# Videos on how to submit your EOI and 189 Application etc.



## NB (Mar 29, 2017)

Although Zaback21 has done an excellent job in giving the steps involved in a PR, the actual process, still remains very difficult for the members to complete

I am giving links to 5 videos which will go a long way in helping all the applicants to see an actual application being completed and will answer many of their questions

How to submit your EOI






How to submit the 189 application





How to attach the Documents to your 189 application





How to submit your Medical assessment 





How to submit your ICT Skills Application to ACS





Cheers


----------



## ENGINEER291085 (May 31, 2017)

newbienz said:


> Although Zaback21 has done an excellent job in giving the steps involved in a PR, the actual process, still remains very difficult for the members to complete
> 
> I am giving links to 4 videos which will go a long way in helping all the applicants to see an actual application being completed and will answer many of their questions
> 
> Cheers


Really awesome..i think we all need this kind of look and feel of actaul application logging...
Great work..
N thnx for sharing too bro...
I will need it in later phases after acs and all..?


----------



## NB (Mar 29, 2017)

ENGINEER291085 said:


> Really awesome..i think we all need this kind of look and feel of actaul application logging...
> Great work..
> N thnx for sharing too bro...
> I will need it in later phases after acs and all..?

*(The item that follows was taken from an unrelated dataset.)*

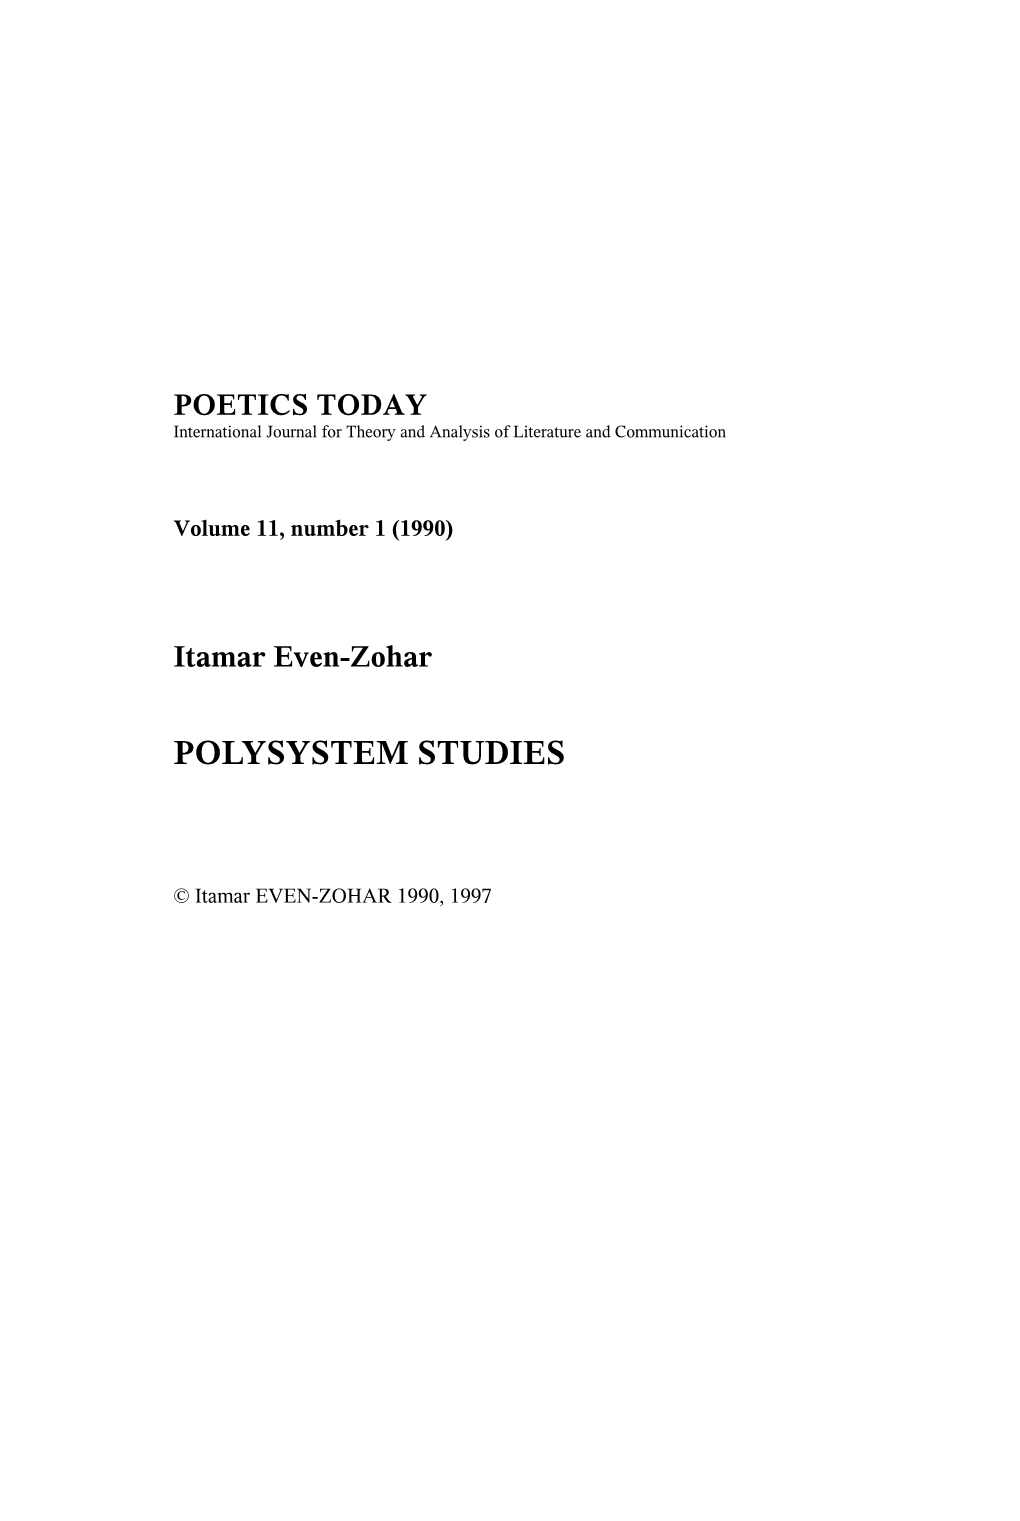 Itamar Even-Zohar: Polysystem Studies 1990

If all the new applicants spend 30 minutes reading sultans guide and then watching all the 4 videos seriously, Most of their doubts will be cleared and they will not have to ask on the forum

If it were on me, I would it mandatory for anyone joining the forum to confirm that they have read Sultan's writeup on the steps to PR and these 4 videos 

Cheers


----------



## Hembu (May 9, 2016)

Thank you!


----------



## espionage (Jul 15, 2017)

#How to submit your ICT Skills Application to ACS

is not working. please check in youtube for detail.


----------



## NB (Mar 29, 2017)

espionage said:


> #How to submit your ICT Skills Application to ACS
> 
> is not working. please check in youtube for detail.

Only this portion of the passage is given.